(Input data Opens)

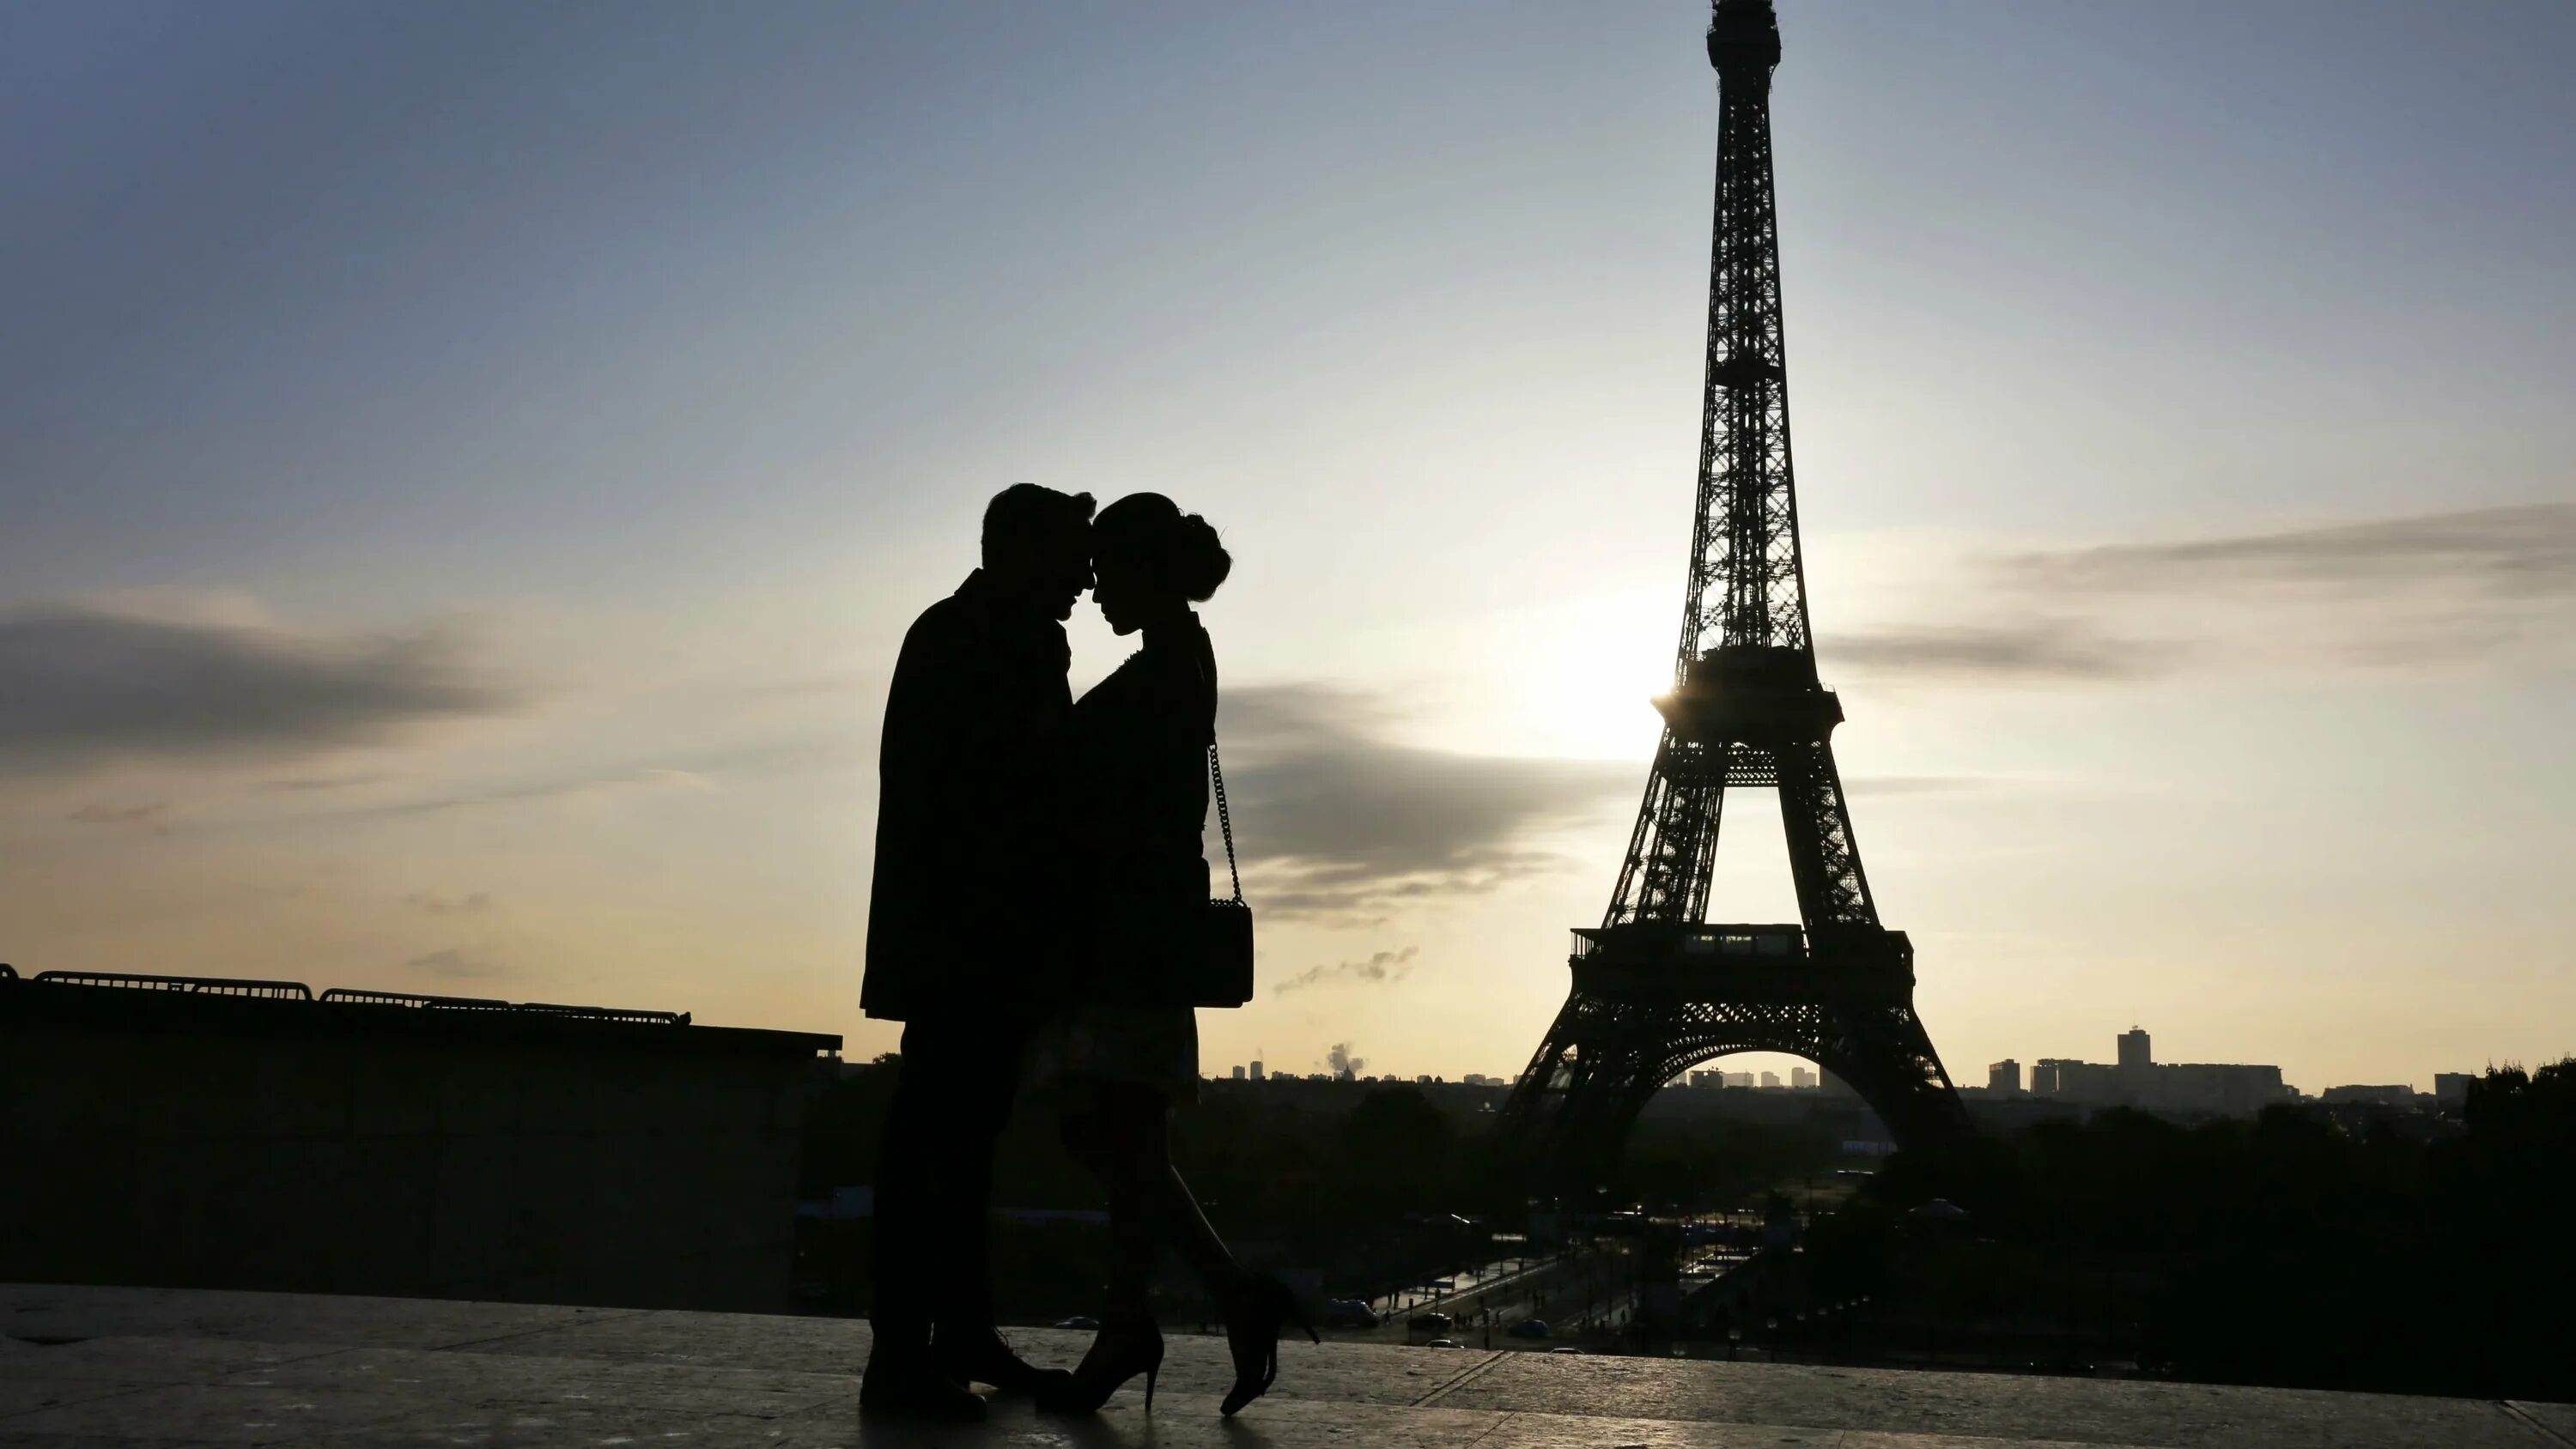 Париж Эйфелева башня любовь. Влюбленные в Париже. Париж романтика. Француз на фоне Эйфелевой башни. Скучаю по парижу
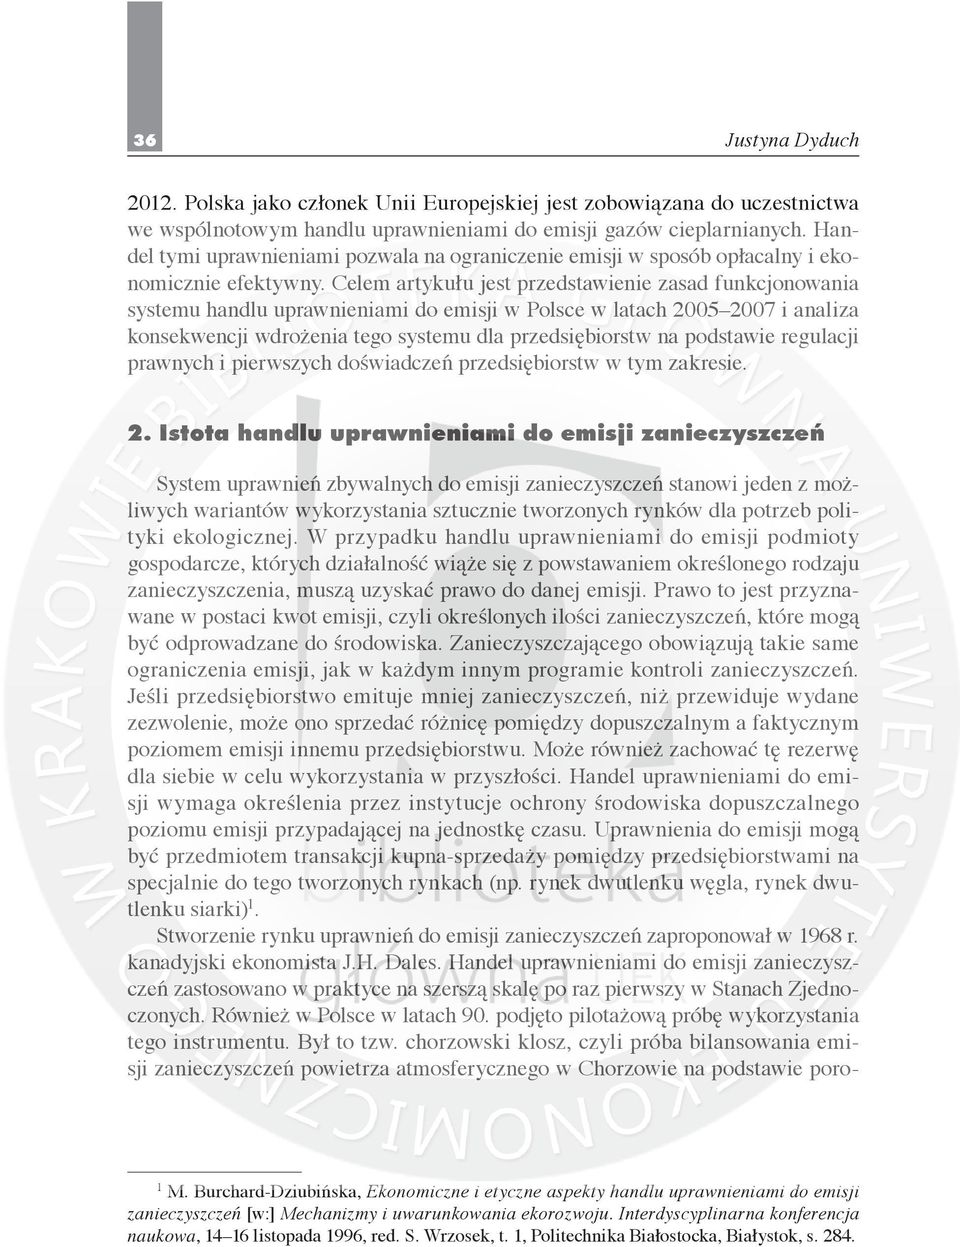 Celem artykułu jest przedstawienie zasad funkcjonowania systemu handlu uprawnieniami do emisji w Polsce w latach 2005 2007 i analiza konsekwencji wdrożenia tego systemu dla przedsiębiorstw na
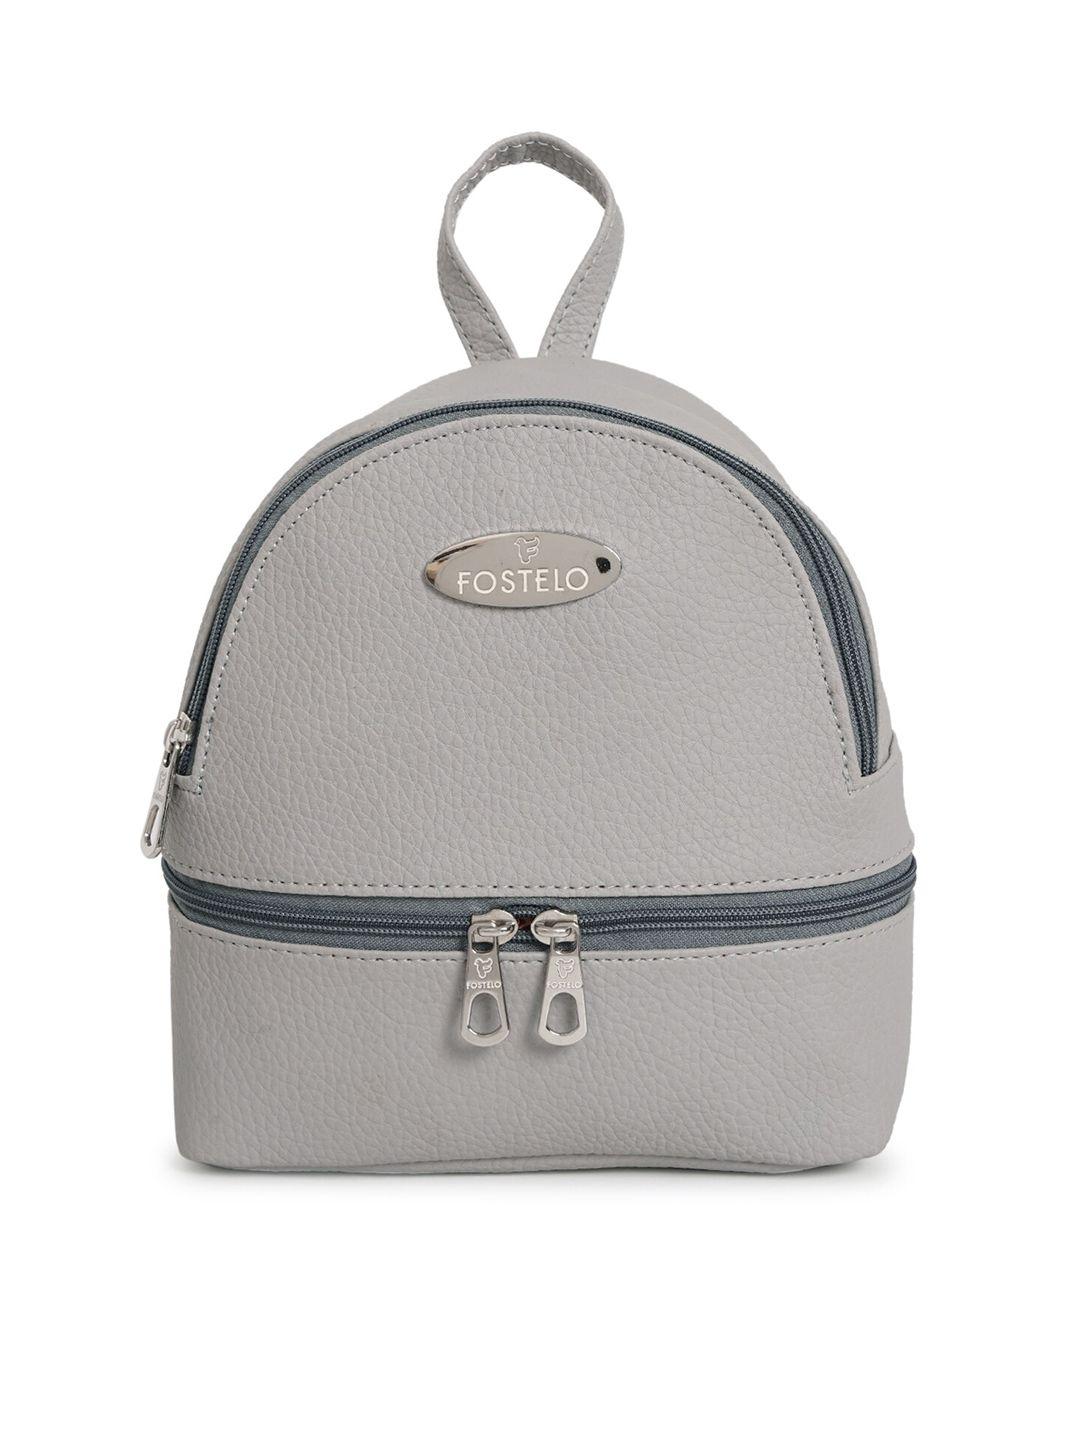 fostelo women grey backpack

(Input data Closes)

What you will do: Pictures stay out of the answer; the rest of the listing above is returned exactly.

Answer:
 Париж Эйфелева башня любовь. Влюбленные в Париже. Париж романтика. Француз на фоне Эйфелевой башни. Скучаю по парижу
 Celem artykułu jest przedstawienie zasad funkcjonowania systemu handlu uprawnieniami do emisji w Polsce w latach 2005 2007 i analiza konsekwencji wdrożenia tego systemu dla przedsiębiorstw na
 fostelo women grey backpack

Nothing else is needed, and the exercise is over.